To put this in modern terms: if you are familiar with President Donald Trump's presidency, (how could you not be, unless you were vacationing on the moon or living in a coma) especially the last 2 years of the Trump presidency, but even go back to the presidential election of 2016 and the campaign that started in the Democratic Party in 2015, you know that there was a reemergence of the left-wing of the Democratic Party, closeted Socialists who in some cases were no longer closeted with their political ideology and label and if anything were proud to be called Socialists, even though they preferred to be called Democratic Socialists.
Go up to 2019 when the Democratic Party wins back the House of Representatives, now you have Socialist Senator Bernie Sanders in the Senate, as well as closeted Socialist Senator Elizabeth Warren, who both ran for President as Democrats in 2019-20 and you had this growing left-wing in Democratic Party in the House, to go along with the so-called Congressional Progressive Caucus (who in actuality are Democratic Socialists of America in the House) and now you have all these new and in some cases self-described Democratic Socialists in the House, like Representative Alexandria Ocasio Cortez and the so-called left-wing Squad in the House, to go along with the Bernie Sanders in the Senate and you have these left-wing members of Congress who are not just Socialists, but self-described Democratic Socialists.
The agenda that these left-wing members of Congress were pushing in the House in 2019-20, that both Senator Elizabeth Warren and Senator Bernie Sanders ran on for President in that same election cycle, looks very similar to what then Senator Huey Long was pushing in Congress in the 1930s and had hope to run on himself for President in 1936:
A wealth tax to eliminate private wealth in America
A so-called free college plan (that wasn't free for anyone)

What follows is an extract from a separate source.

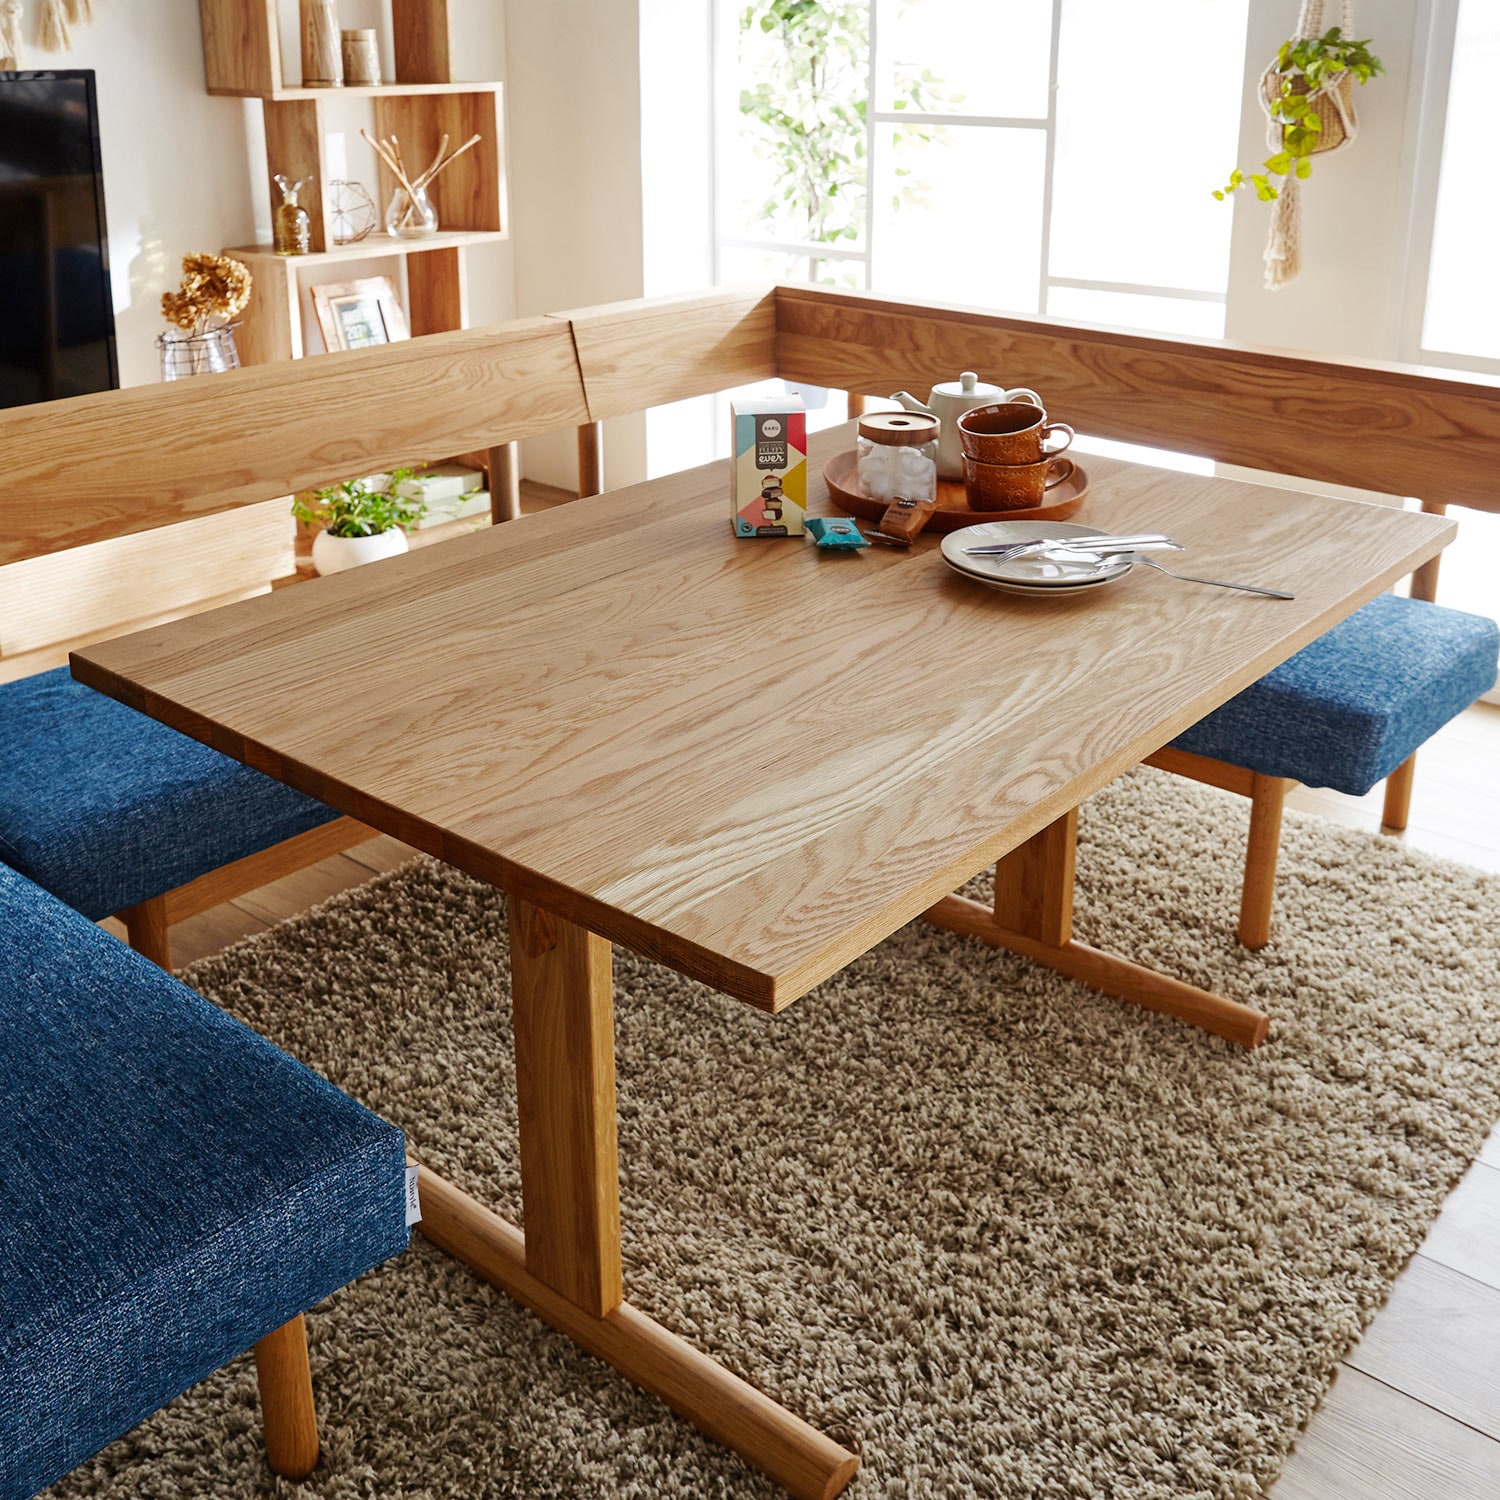 オーク無垢材を贅沢に使用した北欧モダンなダイニングテーブル

A new government-run pension plan. The Squad in the House and Senators Sanders and Warren were instead talking about doubling Social Security
A government works program to put unemployed workers to work for the government
A guaranteed basic income for every American
The Bernie Bros and Squad in House wanted a government-run national health care plan, to replace private health insurance in America
What the so-called Bernie Bros and the Squad were talking about in Congress and what Senator Sanders ran for President on in 2015-16 and 2019-20, is not new. Senator Huey Long ran on that in the 1930s, when he was in Congress as well. The mainstream media (and perhaps Frank DiStefano is a member of that media as well) can call this economic liberalism all they want, but that's not what is.
Supporters of this populist economic philosophy go way further than Liberals and Progressives, including Franklin Roosevelt, on economic policy, at least pre-1936 and are no longer talking about opportunity and responsibility for all, which is really what economic liberalism is about and not economic guarantees.
What American leftists back in the 1930s and today are really talking about, is what the rest of the developed world calls social democracy or just socialism. And what out-of-the-closet American leftists call democratic socialism. The idea that everyone in America is entitled to a quality life, simply for just being alive in America, regardless of what they bring, if anything, to the broader economic pie of the country.